2.からだは治りたがっている

 人間のからだには、病気や故障から回復するための力が備わっています。
どなたにも経験があると思いますが、ちょっとした擦り傷や切り傷などが、特に何もしなくても治っていくのは分かりやすい例です。
この力が「自然治癒力」です。
切り傷に限らず、ぶつけてコブができた、お腹の調子が悪い、などという時にも、からだはこの自然治癒力で治ろうとします。

 本来からだは、治りたがっているのです。
しかし、この自然治癒力が何らかの原因で十分に働かない時「何となく調子が良くない」という状態から、「肩(首)が凝りやすい」「すぐ腰を痛める」など、さまざまな症状となって現れ、病気や怪我が起こりやすい状態へと発展していきます。

「マニュアル・メディスン(=オステオパシー、カイロプラクティックを総称してこう呼びます)」は、筋骨格系においてその「原因」になっている部分を探し出して調整し、自然治癒力を最大限に発揮させようとする治療体系です。

3.対症療法ではなくその原因から

「腰を痛めた」「寝違えた」「肩が凝る」…こうした症状が出ると、その部位に対する治療が従来の方法です。
痛み止めを飲む、マッサージをする、電気をかける…等々。
それはそれで間違いではありませんが、そうなる原因がそこに無い場合はどうでしょう。

 からだは頭のてっぺんからつま先まで、つながっています。
そして、それぞれは互いに連動し、影響しあっています。腰が痛い原因が、腰そのものにない場合も多いものです(内臓に腫瘍などの問題がある場合はまた別の手立てが必要になります)
症状として感じる箇所ばかりを治療しても、原因が違うところにあれば、また同じ症状を引き起こしやすくなります。

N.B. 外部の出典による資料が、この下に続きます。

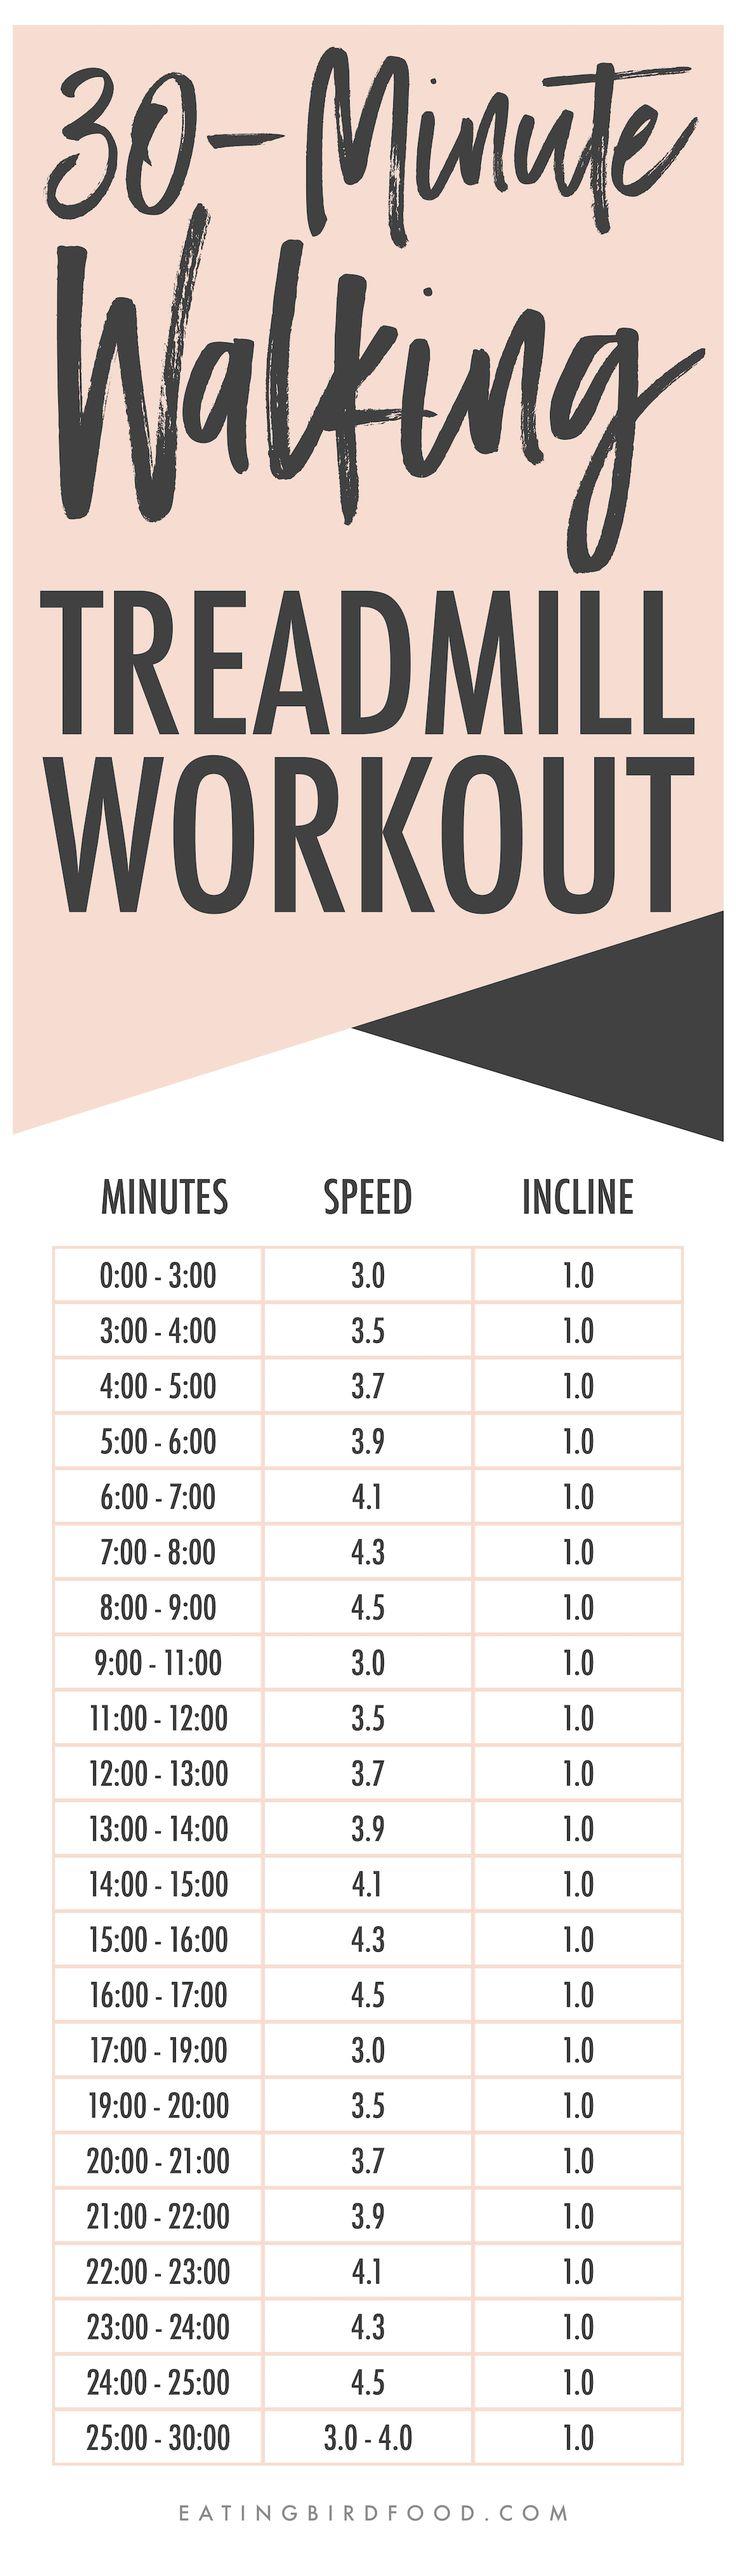 30-Minute Treadmill Workout Jog/Run/Walk - Eating Bird Food

 症状そのものではなく、そうさせている原因を探し出して治療することにより、再発の防止にもつながります。
また、それが原因で別な症状が起こっていれば、そちらの症状も同時に治療することにもなるわけです。

 よくある例で「腰の痛みを訴えているのになぜ頚椎を調整(=アジャスト)するのか」と、疑問を訴える方もおられます。仮にその腰痛の原因が頚にある場合は、たとえそこに痛みがなくてもアジャストします。
それはその場所も調整しなくては本当の回復が望めないからです。

 一見関係なく思うようなところに、本当の原因があることも多いものです。